When the gradient is analytically calculated, only the second derivatives have to be approximated, requiring \(2 \times m\) independent calls to the gradient function. In that case, the complexity thus linearly increases with \(m\).
In both cases, and especially when each calculation of derivative is long and/or \(m\) is large, parallel computations of independent \(\mathcal{F}\) evaluations become particularly relevant to speed up the estimation process.
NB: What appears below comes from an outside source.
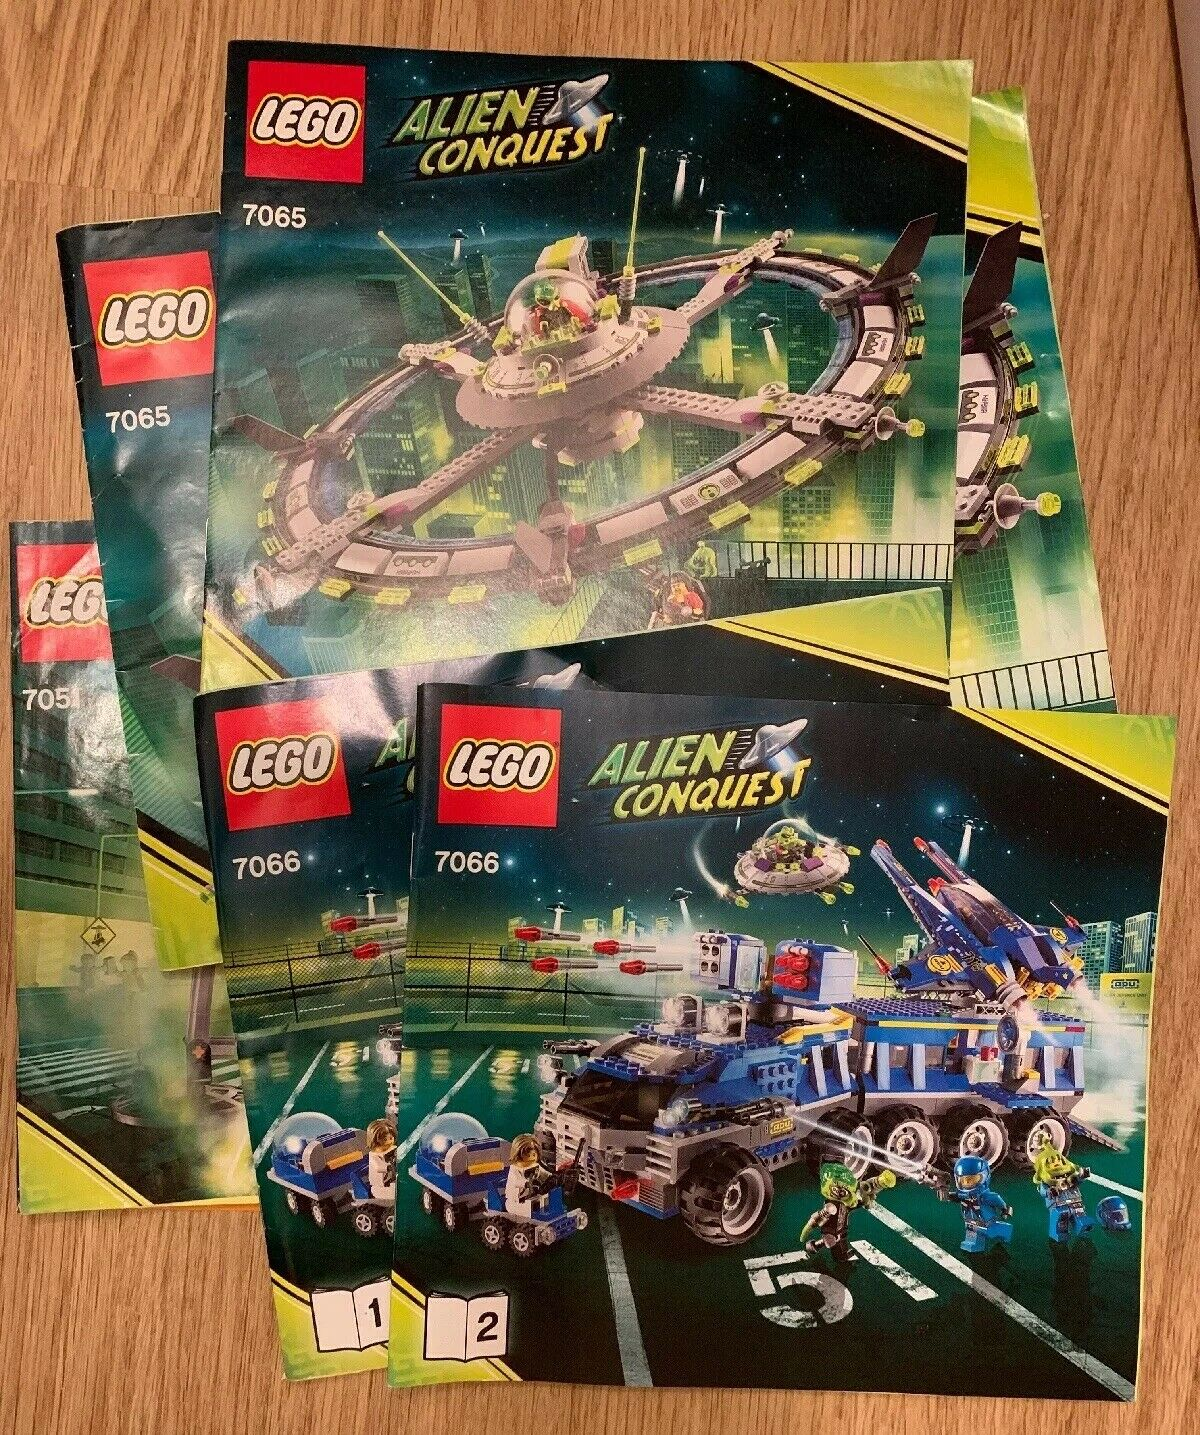 presa LEGO ALIEN conqest Set Set Set Collezione 7065 7066  alta qualità generale

When the optimization problem is the maximization of the log-likelihood \(\mathcal{L}(\theta)\) of a statistical model according to parameters \(\theta\), the Hessian matrix of the \(\mathcal{F}(\theta) = - \mathcal{L}(\theta)\) calculated at the optimum \(\hat{\theta}\), \(\mathcal{H}(\mathcal{F}({\hat{\theta}})) = - \dfrac{\partial^2 \mathcal{L}(\theta)}{\partial \theta^2} \bigg|_{\theta = \hat{\theta}}\), provides an estimator of the Fisher Information matrix. The inverse of \(\mathcal{H}(\mathcal{F}({\hat{\theta}}))\) computed in the package thus provides an estimator of the variance-covariance matrix of the optimized vector of parameters \(\hat{\theta}\).
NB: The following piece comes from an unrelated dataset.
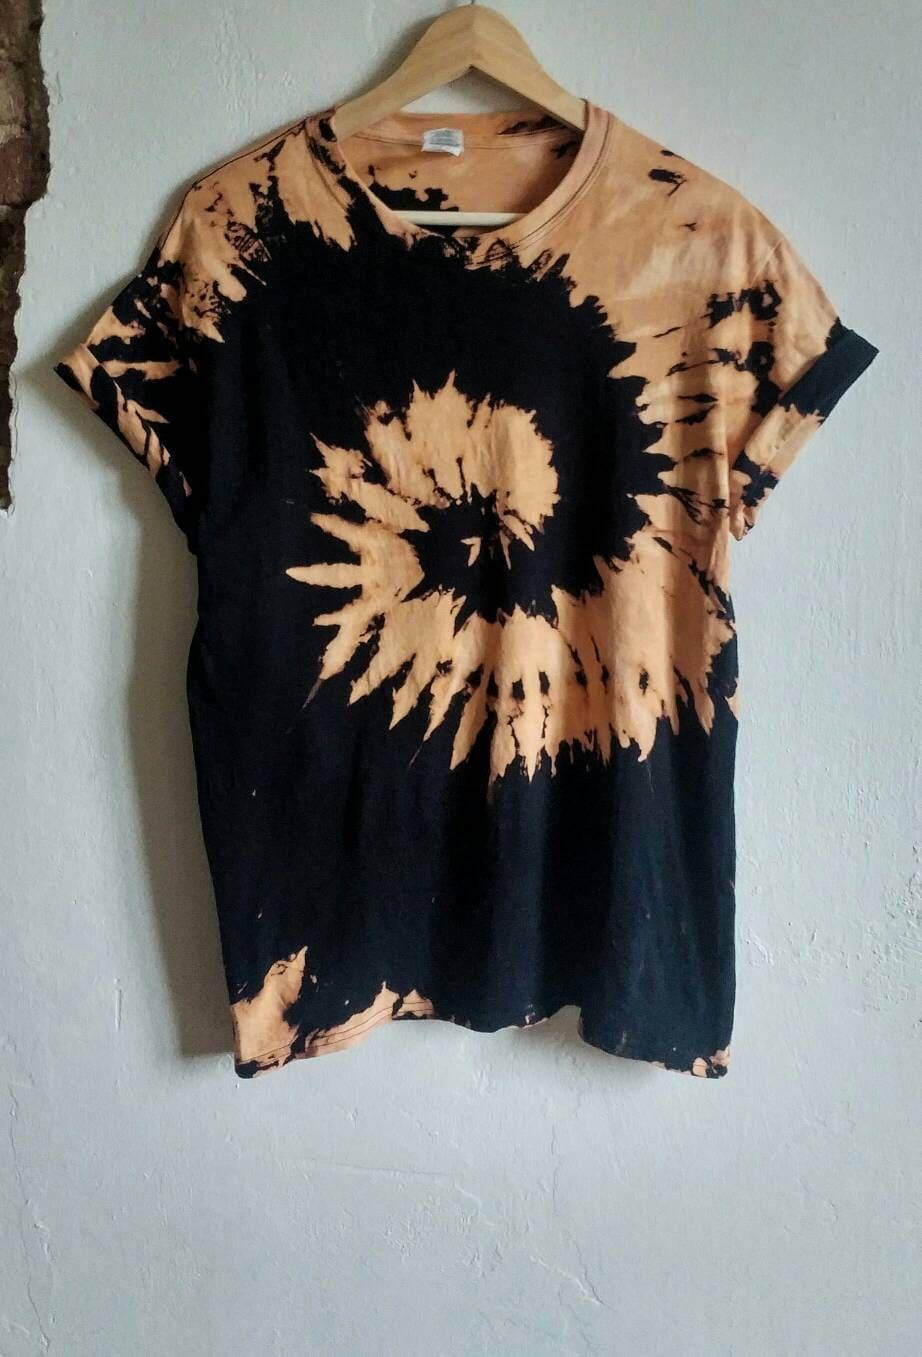 Organic Cotton Tee Bleach Tie Dye Shirt Tumblr Indie Grunge

The call of the marqLevAlg
function, or its shorcut mla
, is the
following :
marqLevAlg(b, m = FALSE, fn, gr = NULL, hess = NULL, maxiter = 500,
epsa = 0.0001, epsb = 0.0001, epsd = 0.0001, digits = 8,
print.info = FALSE, blinding = TRUE, multipleTry = 25, nproc = 1,
clustertype = NULL, file = "", .packages = NULL, minimize = TRUE, ...)
Argument b
is the set of initial parameters; alternatively, its length
m
can be entered. fn
is the function to optimize; it should take the
parameter vector as the first argument, and additional arguments are
passed in …. Optional gr
and hess
refer to the functions
implementing the analytical calculations of the gradient and the Hessian
matrix, respectively. maxiter
is the maximum number of iterations.
Arguments epsa
, epsb
, and epsd
are the thresholds for the three
convergence criteria defined in Section 2.2.
print.info
specifies if details on each iteration should be printed;
such information can be reported in a file if argument file
is
specified, and digits
indicates the number of decimals in the
eventually reported information during optimization. blinding
is an
option allowing the algorithm to go on even when the fn
function
returns NA, which is then replaced by the arbitrary value of 500,000
(for minimization) and -500,000 (for maximization). Similarly, if an
infinite value is found for the chosen initial values, the multipleTry
option will internally reshape b
(up to multipleTry
times) until a
finite value is got, and the algorithm can be correctly initialized. The
parallel framework is first stated by the nproc
argument, which gives
the number of cores, and by the clustertype
argument (see the next
section). In the case where the fn
function depends on R packages,
these should be given as a character vector in the .packages
argument.
Finally, the minimize
argument offers the possibility to minimize or
maximize the objective function fn
; a maximization problem is
implemented as the minimization of the opposite function (-fn
).
In the absence of analytical gradient calculation, derivatives are
computed in the deriva
subfunction with two loops, one for the first
derivatives and one for the second derivatives. Both loops are
parallelized. The parallelized loops are at most over \(m*(m+1)/2\)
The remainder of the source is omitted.